## Data for this task
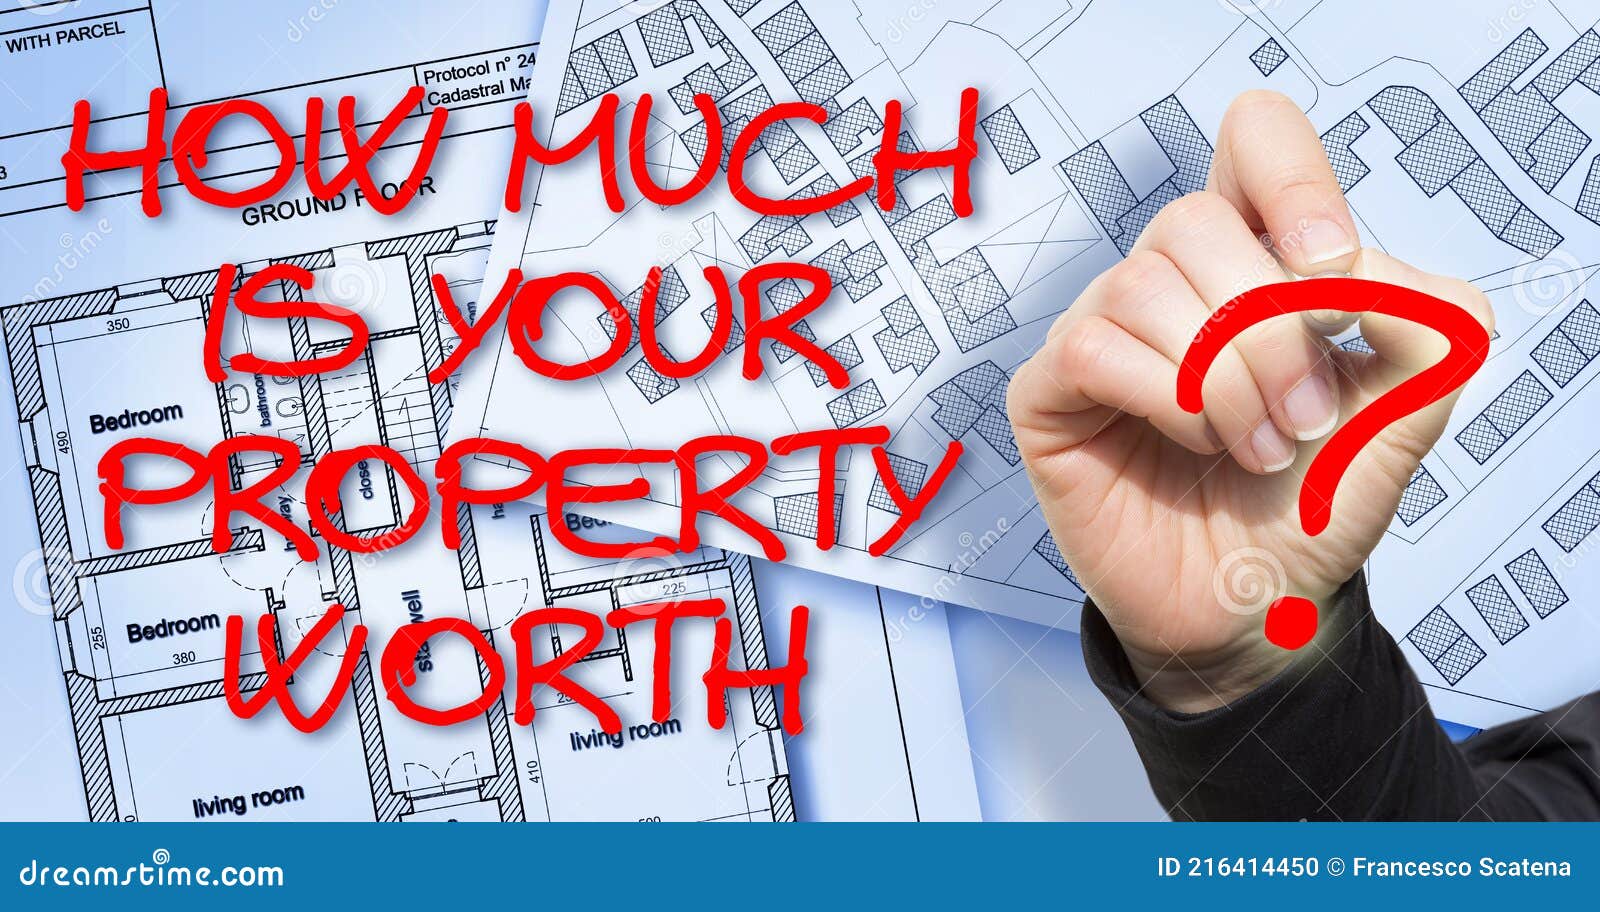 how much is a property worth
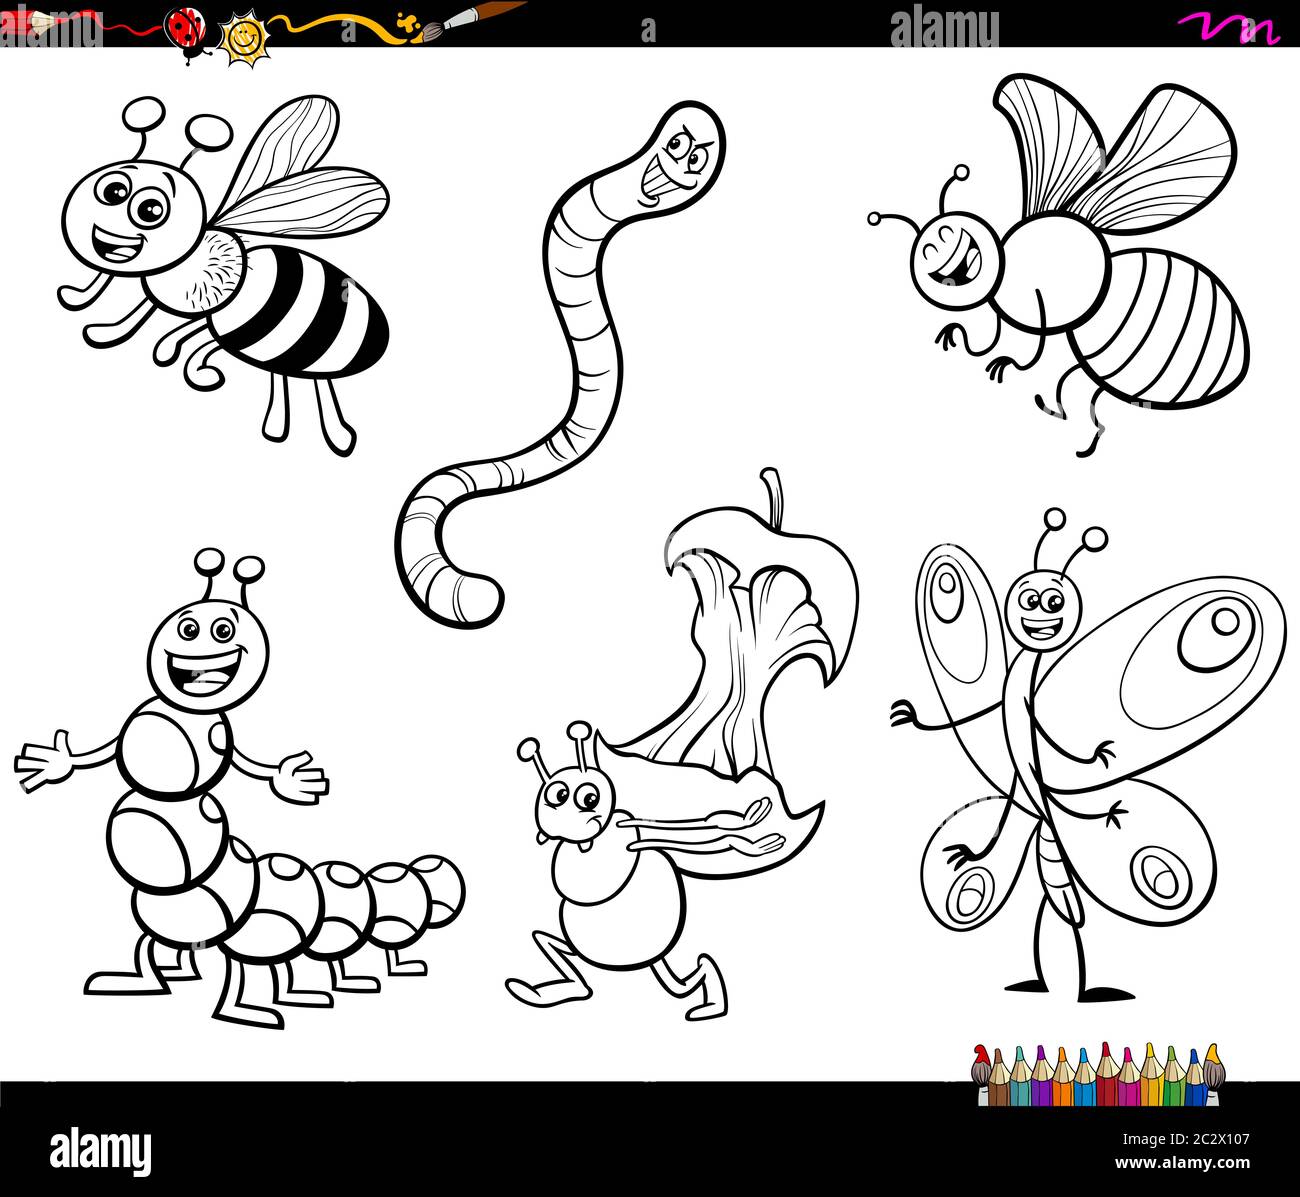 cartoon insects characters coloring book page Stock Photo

--

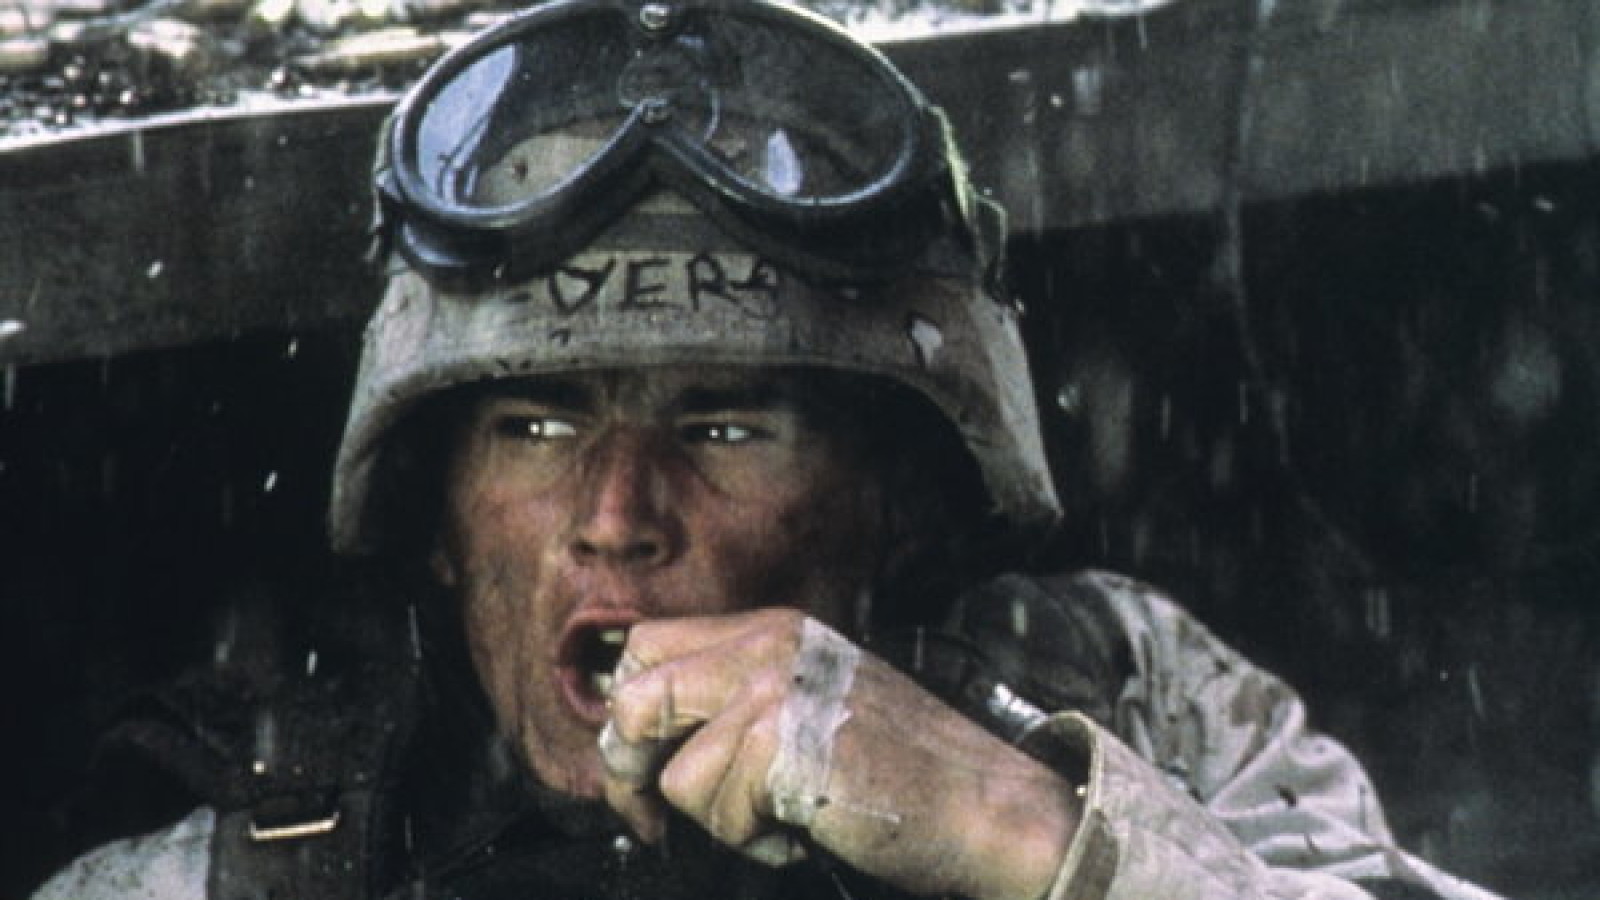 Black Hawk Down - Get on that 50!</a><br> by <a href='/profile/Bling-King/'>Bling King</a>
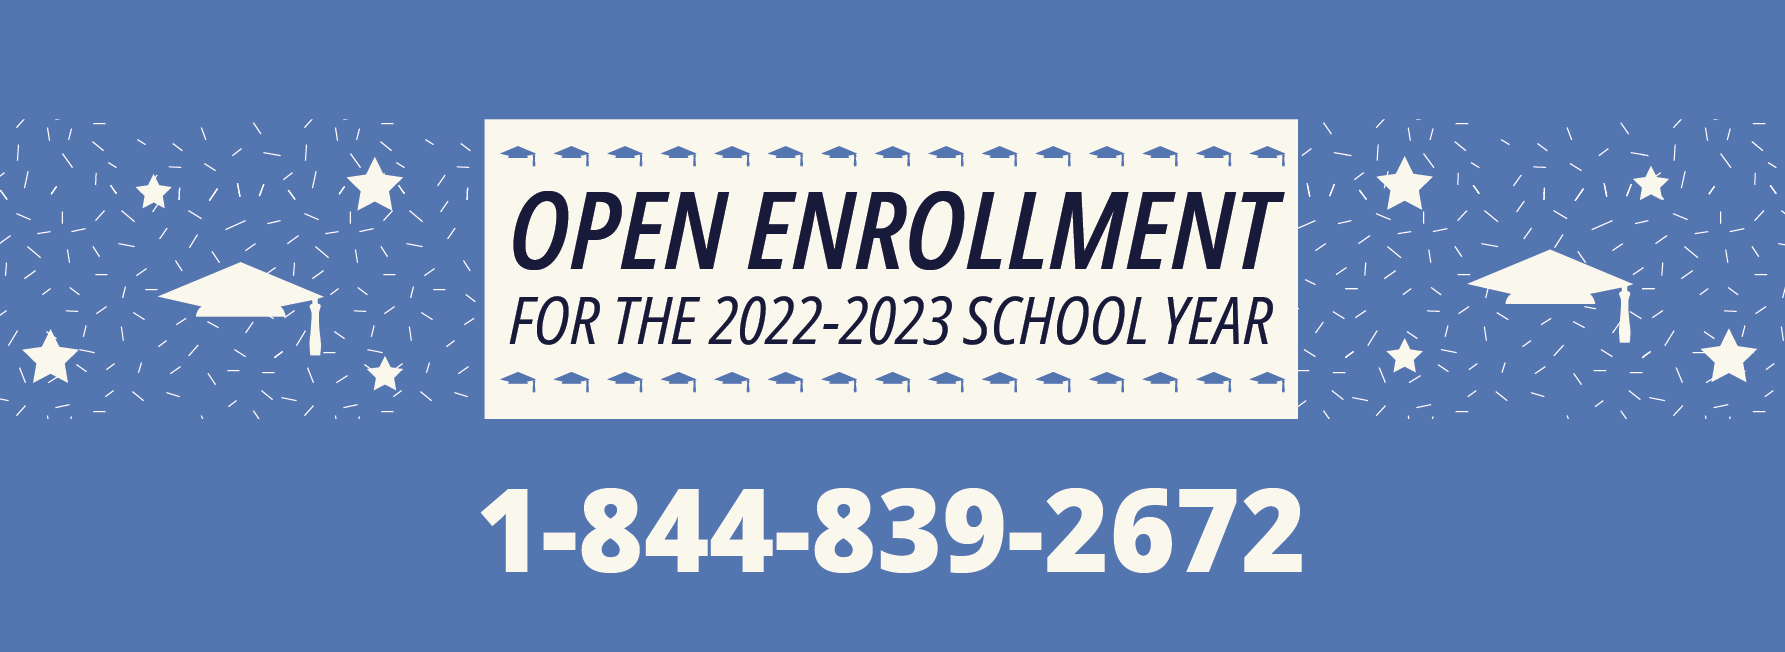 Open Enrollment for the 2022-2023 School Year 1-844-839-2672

## Task to complete
What should come back is an exact copy of the lines above from the line with "how much is a property worth" to the line with "cartoon insects characters", both included, minus the pictures.

## Answer to this task
 how much is a property worth
 cartoon insects characters coloring book page Stock Photo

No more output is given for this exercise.